All true. All true. However (?) his ADHD diagnosis has only happened 3 years ago (when our ds22 was also diagnosed after years of trying to get help from school).

He uses this as his 'explanation' for the way he behaves and doesn't take the prescribed medication.

A close gf announced she was splitting from her lifelong bf a few weeks ago & has moved to a houseboat. When DH joked about 'would you do that?' I have to admit I almost said I thought it would be a lovely idea.

Plans right now (maybe) is to wait until youngest ds17 has gone to university (as he almost certainly will) and then ask DH to move out. Of course he will be totally taken aback and blame it all on his ADHD but he does nothing to help himself.

OP posts:
PhoneLock · 23/11/2019 17:15

Plans right now (maybe) is to wait until youngest ds17 has gone to university (as he almost certainly will) and then ask DH to move out

I was with you until you said that.

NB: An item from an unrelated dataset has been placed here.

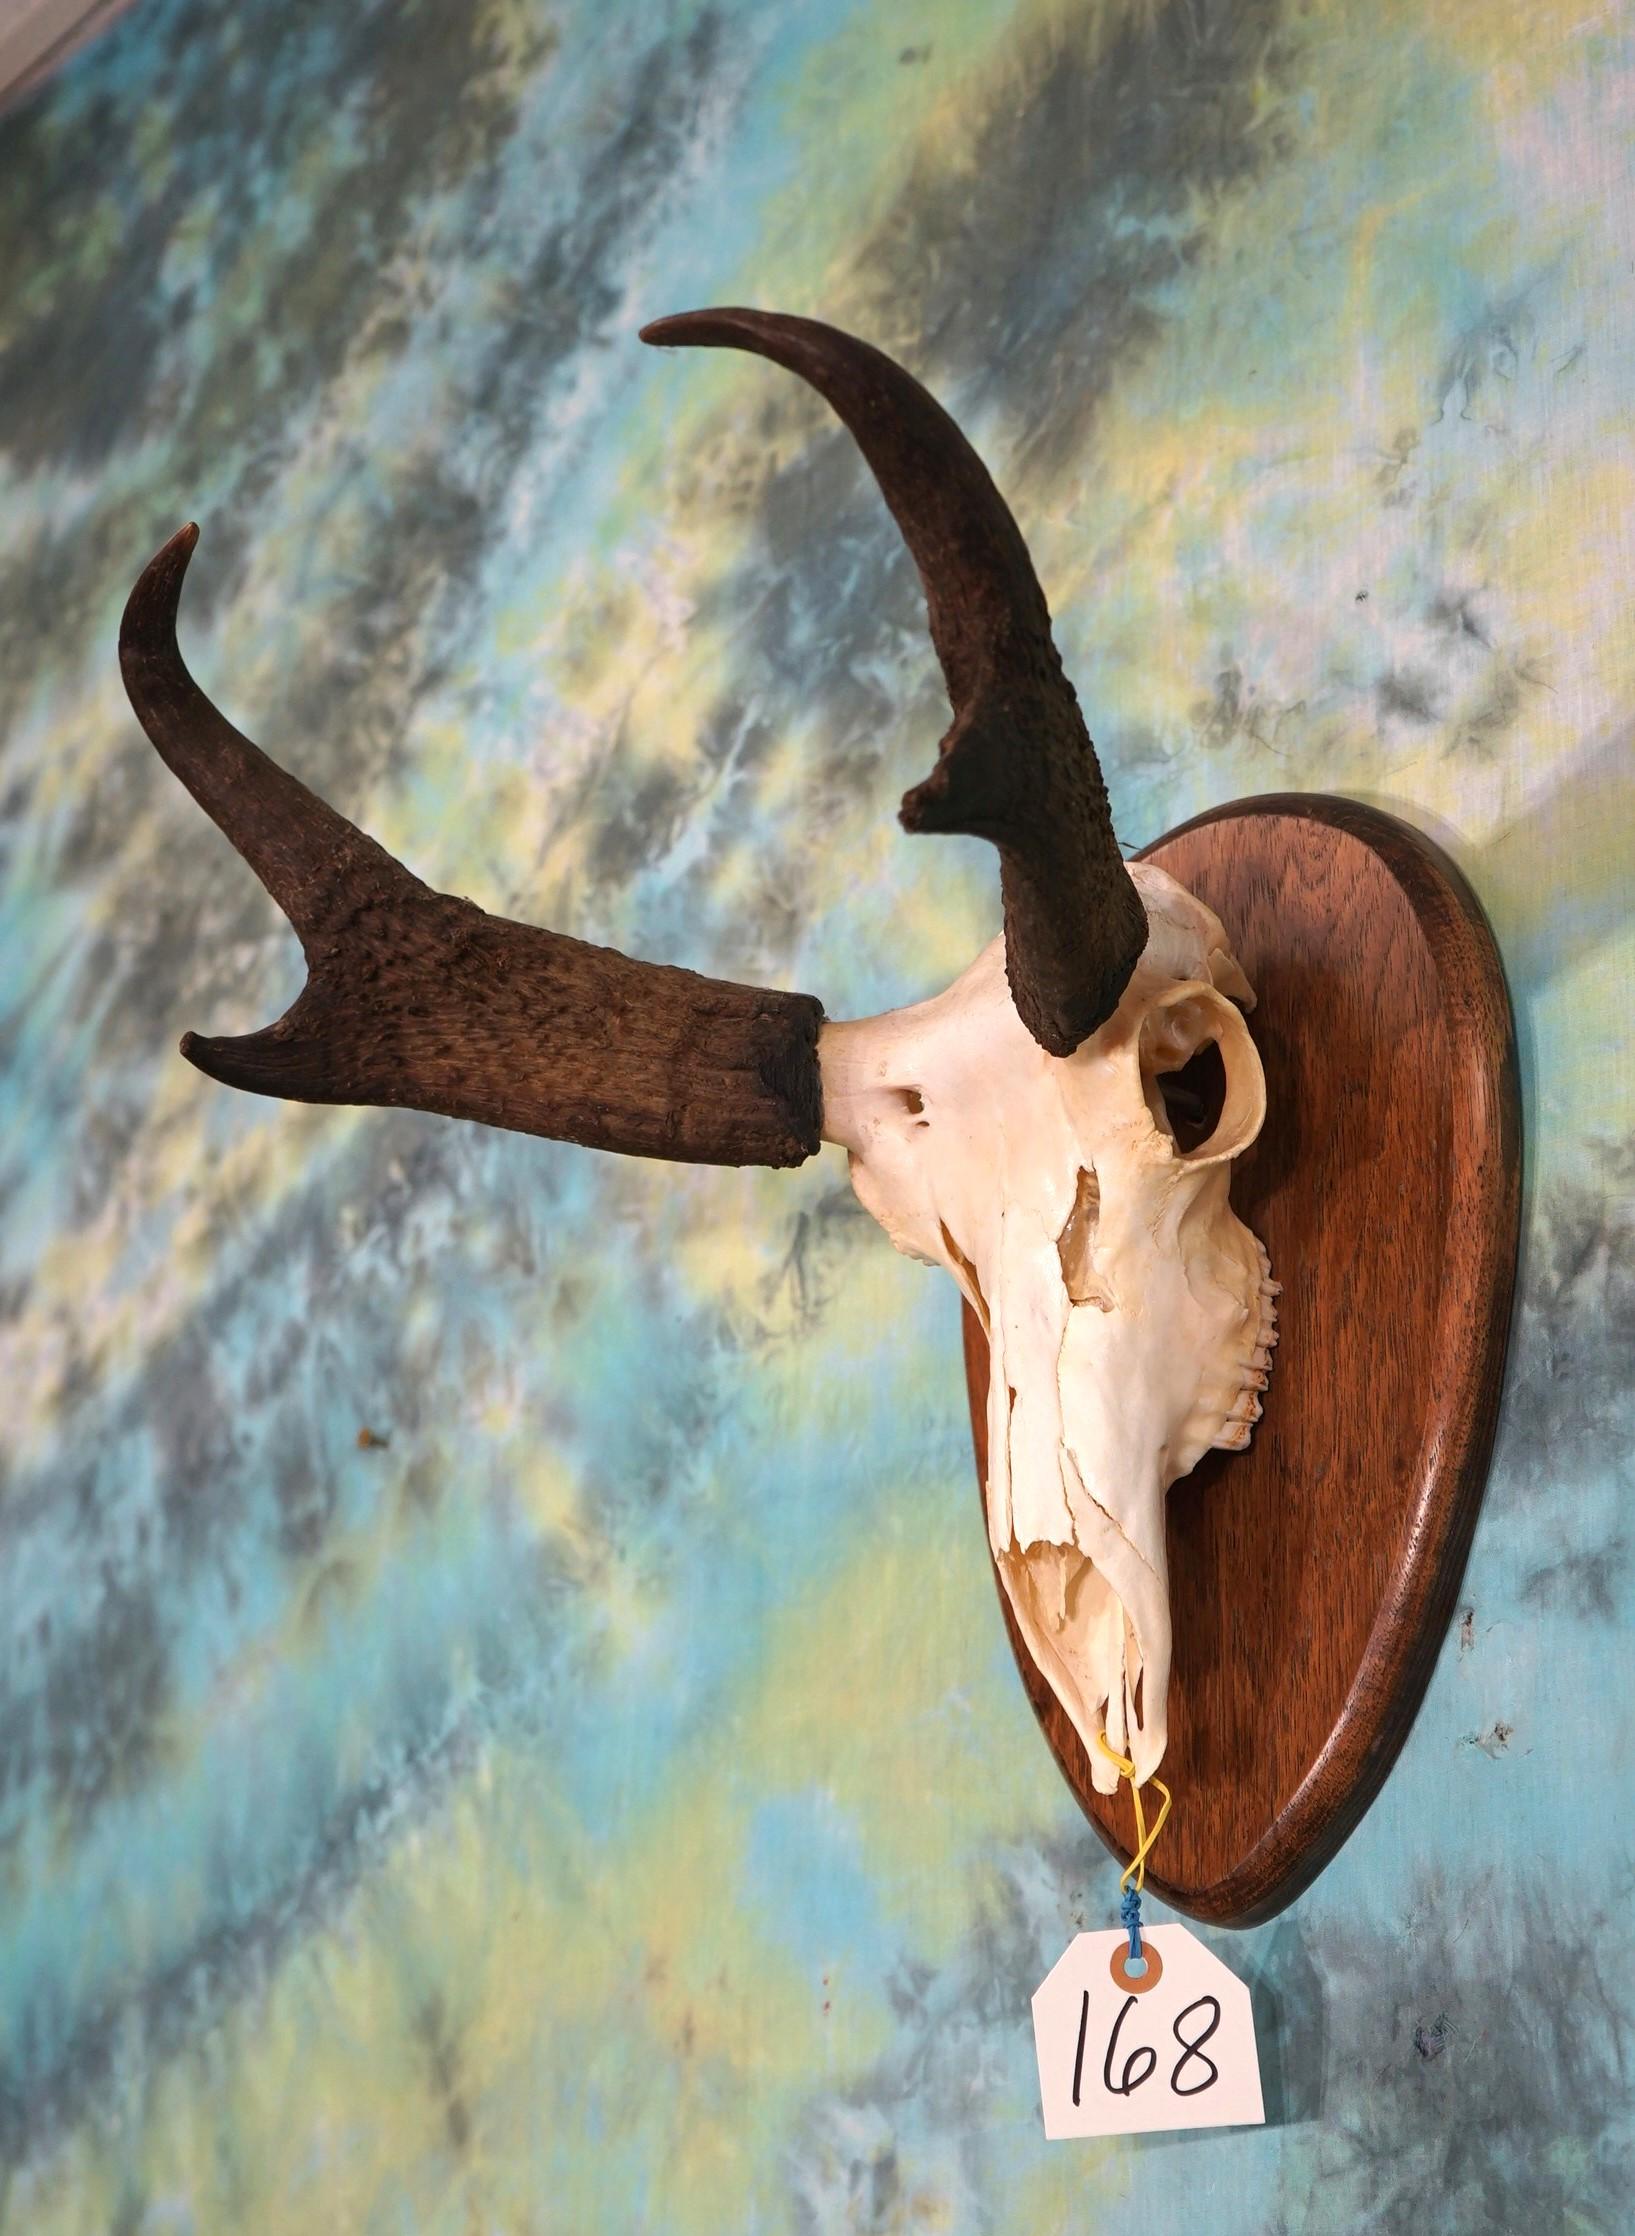 Pronghorn Antelope Skull on Panel Taxidermy
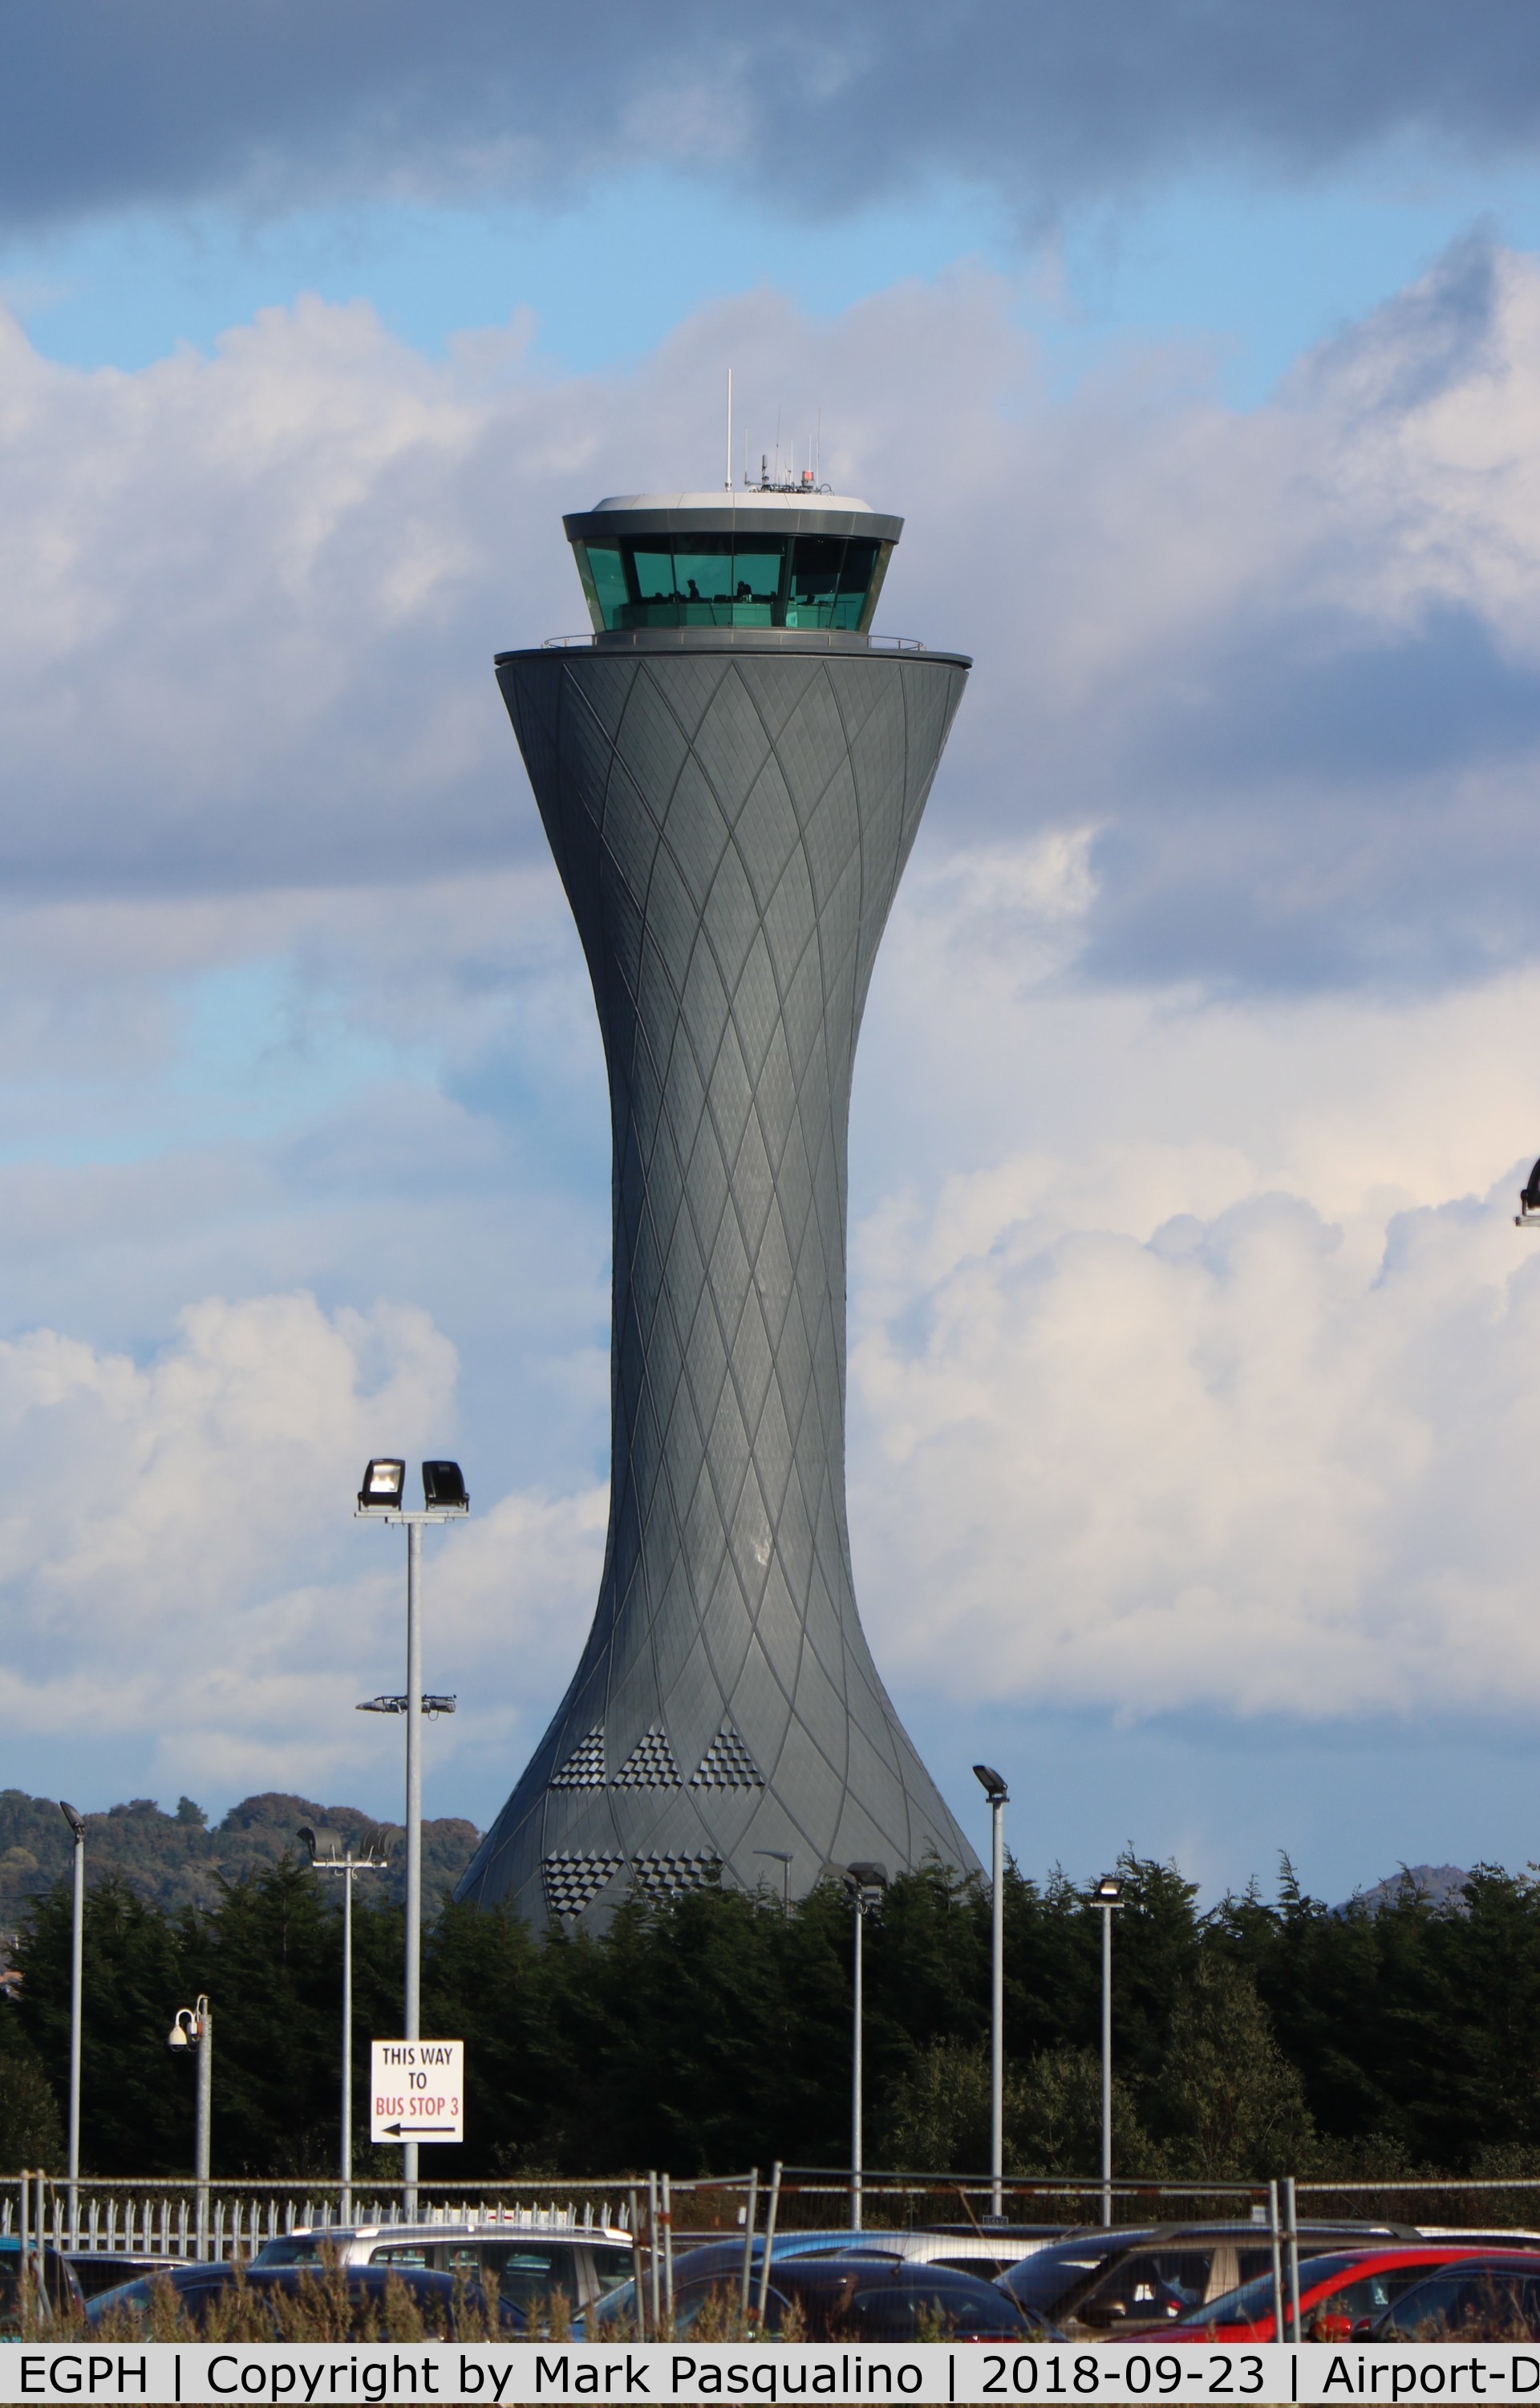 Edinburgh Airport, Edinburgh, Scotland United Kingdom (EGPH) - Control Tower

Why on earth should he move out?

JoannaObrien · 23/11/2019 17:23

@ILoveJoeBrown

Mine has been lying on the sofa all day and has done nothing, I have been out Christmas shopping had a pub lunch and got back to find he hasn't moved all day and now wants me to make him some dinner .... tough he can make his own food if he is hungry. Just because he has a high pressure job he expects to spend all weekend doing bugga all ... well he can think again.

Mamabear1988 · 23/11/2019 18:19

Why would he do anything when you bust a gut doing it all!